Denis Lavant nous excusera. Au moment de rentrer tôt de la Fête de la musique pour travailler aux aurores avec application sur son portrait, on a été happé par un bruit surgi des confins du XVIIIe arrondissement. Une nouba sauvage en pleine rue où se mêlait joyeusement tout le peuple insomniaque de Paris. Comme si le temps n’avait plus d’importance. Soudain, il était 5 heures. C’est donc doté d’une heureuse gueule de bois qu’on lui écrit ces mots. On sait que le génial comédien aime marcher dans la rue, se laisser aller aux rencontres. «Arpenter les villes, c’est un truc sain, ça permet de rêver, nous disait-il deux jours plus tôt, à la terrasse d’un bar sur les hauteurs de Belleville. Je préfère sortir et me faire mon propre cinéma que de regarder des séries manipulatoires et addictives.» Ce midi-là, il est face à nous pour un film à la lenteur calculée, The Mountain : une odyssée américaine. Il y joue un guérisseur français new age face à un médecin lobotomiseur incarné par Jeff Goldblum. Mais, insatiable, il sort d’une pièce clownesque de Henry Miller, vadrouille un peu partout avec un autre spectacle forain déjanté sur une reine d’Angleterre naïve et doit préparer les dernières retouches de son interprétation de la Dernière Bande de Beckett, pour Avignon. L’acteur de 58 ans soupire en tapotant son Nokia rudimentaire : «Tout est cadré aujourd’hui. On peut joindre les gens à tout instant. Ça laisse peu de place au hasard, à l’imaginaire, à la solitude, à la méditation. La partie la plus passionnante de la vie.»

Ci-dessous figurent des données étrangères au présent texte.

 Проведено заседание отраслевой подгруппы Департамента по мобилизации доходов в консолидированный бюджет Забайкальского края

A une époque, Denis Lavant nous aurait sans doute accompagné jusqu’au petit matin. Il buvait parfois avant de monter sur scène. Et après. «Il commandait souvent au bar une tournée générale. Au moment de payer, saoul à n’en plus parler, il avait perdu son portefeuille», racontait la metteure en scène Viviane Théophilidès dans Libé, en 1996. Il se marre quand on lui relate l’épisode : «Elle m’avait balancé !» Aujourd’hui, l’histrion dit qu’il ne boit plus mais : «Je ne regrette pas d’être passé par là, par ce débordement qui n’est plus tellement toléré dans le milieu artistique. C’est important pourtant d’être déraisonnable. Maintenant, il y a une sorte de rapport commercial au "produit". Il faut être clean, être un bon fonctionnaire.»

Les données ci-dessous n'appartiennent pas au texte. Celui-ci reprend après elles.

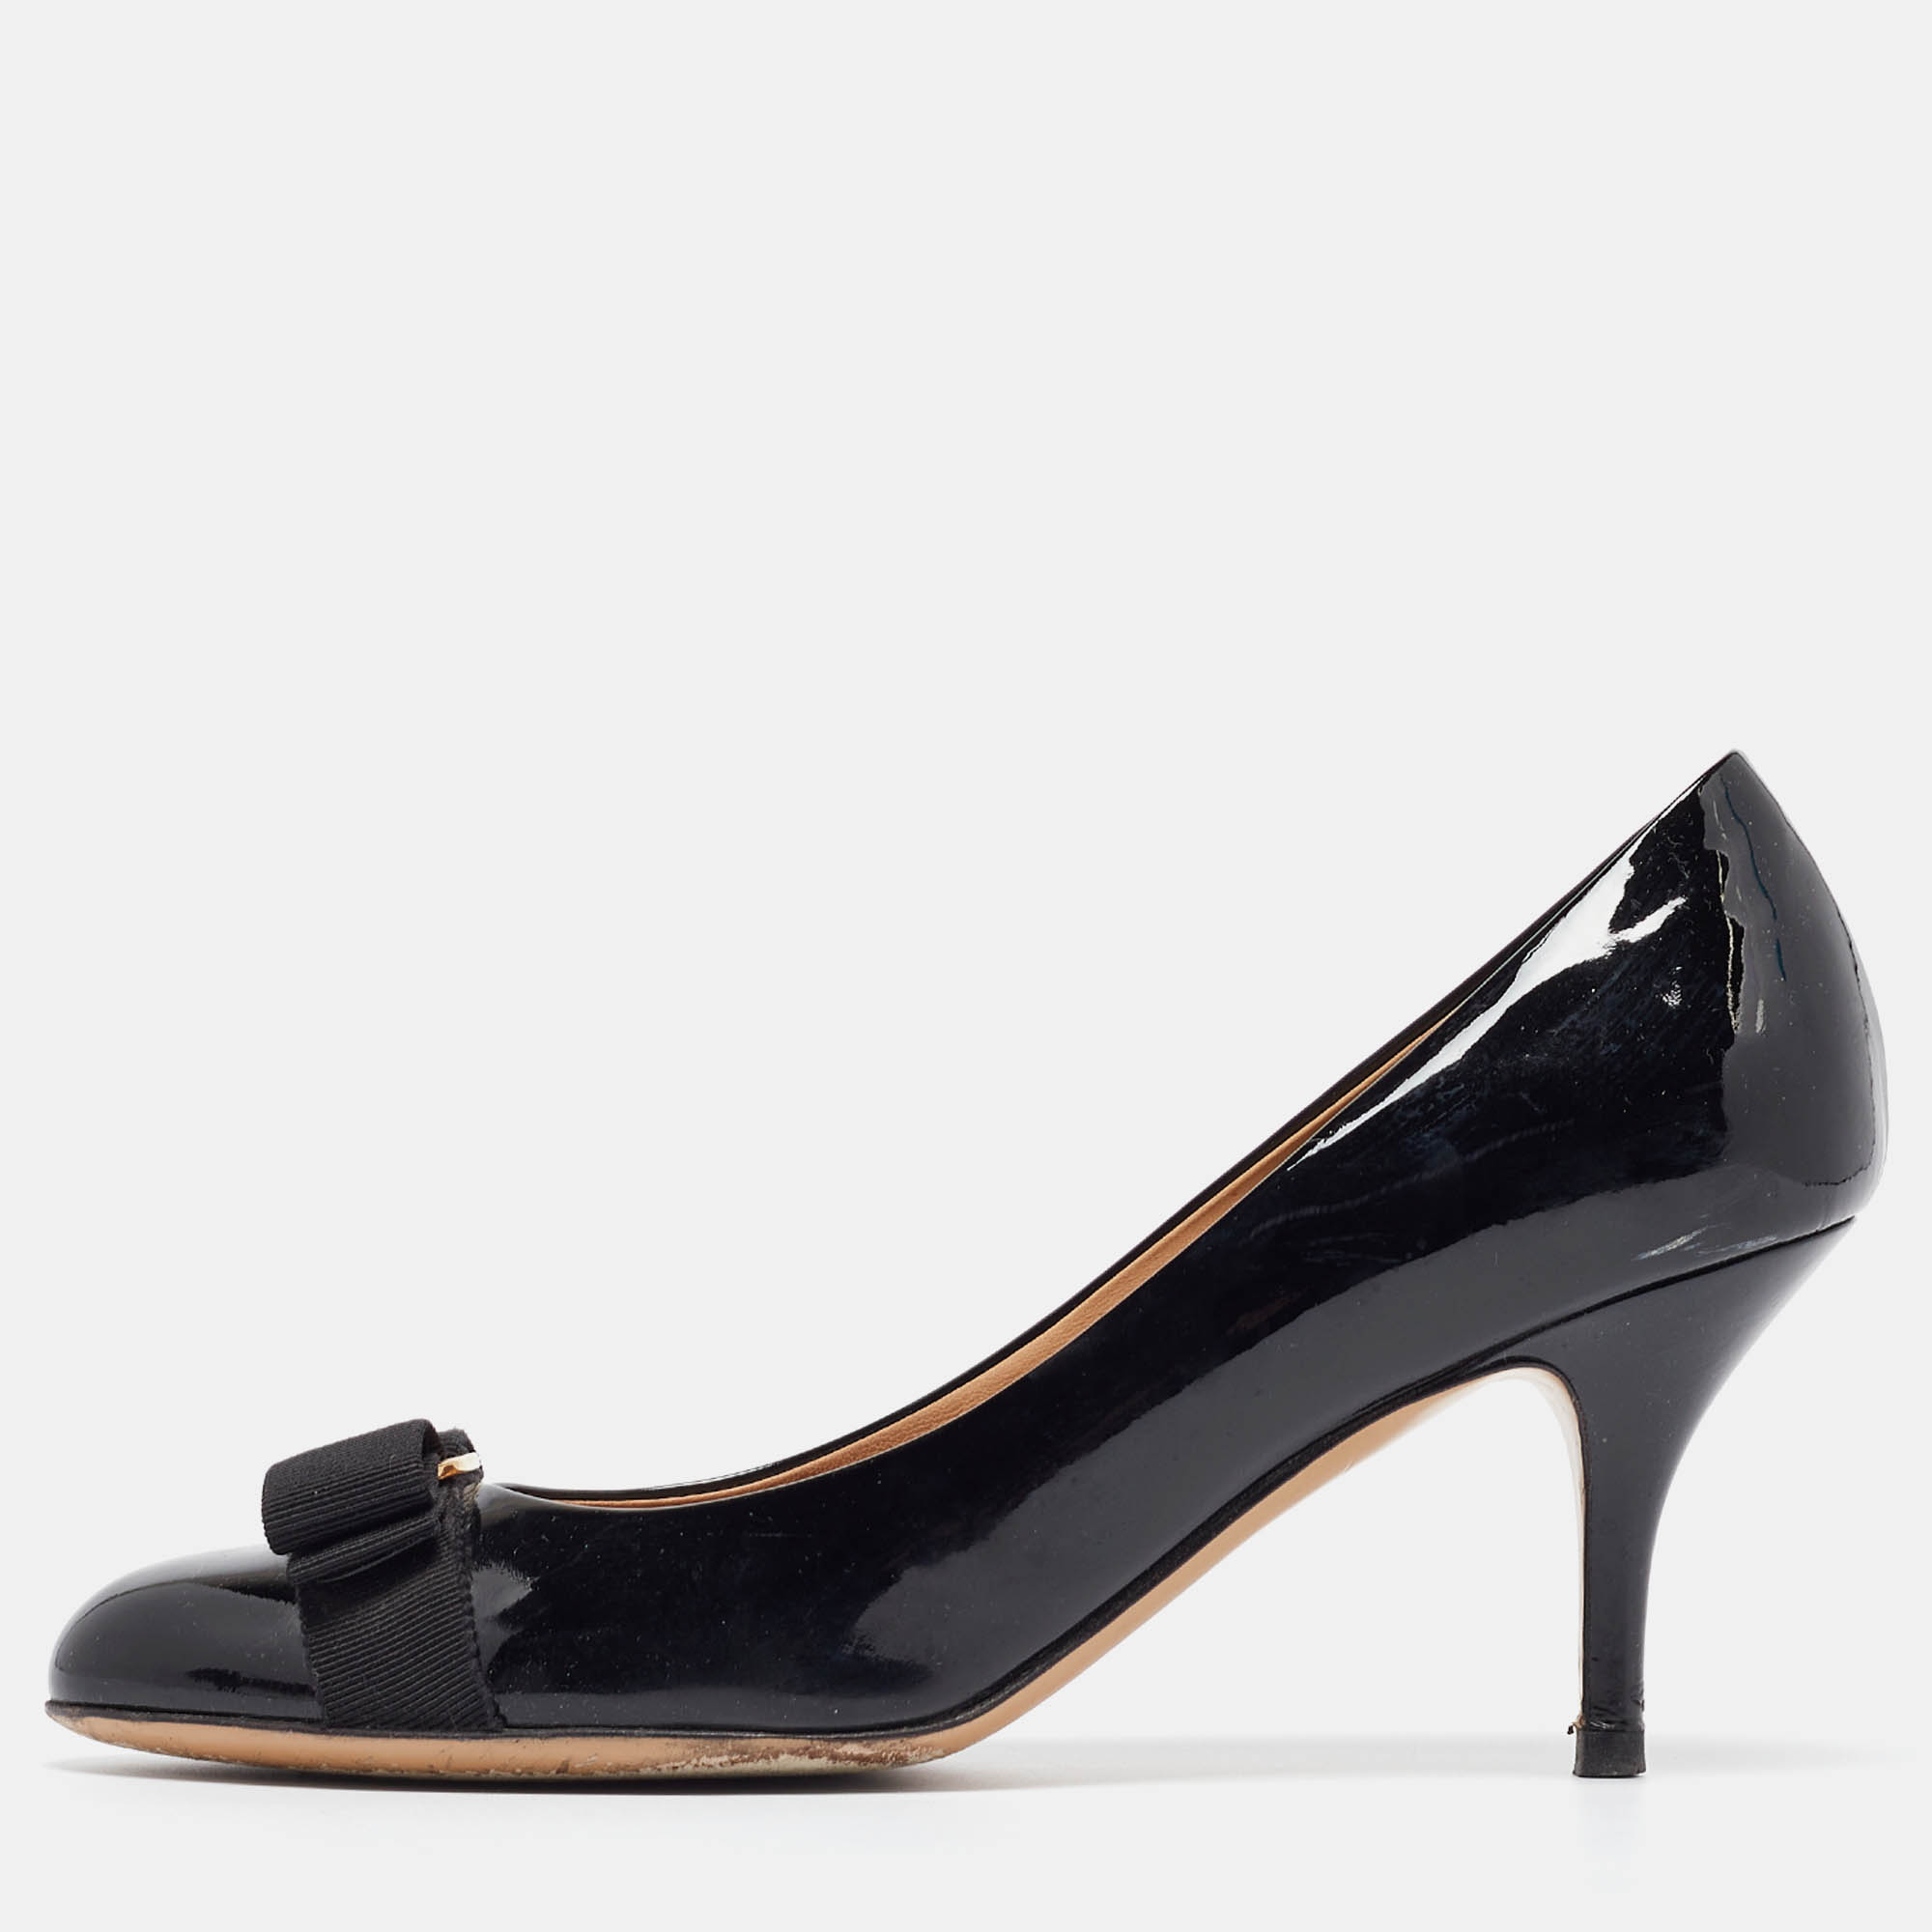 Pre-owned Ferragamo Black Patent Leather Carla Pumps Size 40.5

Cela n’a pas l’air de le déprimer. Simplement, il constate. Lui, libre, continue de n’en faire qu’à sa tête. Son style d’abord. Il arrive à l’interview en costume trois pièces avec une redingote, un pantalon trop large à la Yohji Yamamoto, un foulard imprimé floral en soie de dandy et de grosses chaussures rondes en bout de course. A la fois poète, ouvrier et bourgeois. Son fedora déglingué cache un bonnet de docker, parce qu’il est «un peu frileux». Dans sa poche, un tome des Thibault, la saga de Roger Martin du Gard. La littérature est tout le temps avec Denis Lavant, passeport le plus efficace pour s’échapper de la cage de la vie. «J’aime bien apprendre des poésies pour moi, Mallarmé ou Boby Lapointe, pour pouvoir me les dire en marchant.» Il nous conseille de lire Jérôme de Jean-Pierre Martinet, «un chef-d’œuvre», et récite Hamlet de Shakespeare. Une bourrasque fait chavirer bruyamment l’ardoise du restaurant et ébouriffe les chevelures des clientes. L’occasion de citer Paul Valéry : «Le vent se lève ! Il faut tenter de vivre !» Il rit, aspirant en arrière, avec sa voix rauque, souvent cassée mais qui revient toujours, comme un vieux clébard boiteux. Dans le film The Mountain, toujours dans l’émotionnel plus que dans la technique académique, il parle en franglais. On ne comprend pas tout, mais on sent qu’il vit l’instant.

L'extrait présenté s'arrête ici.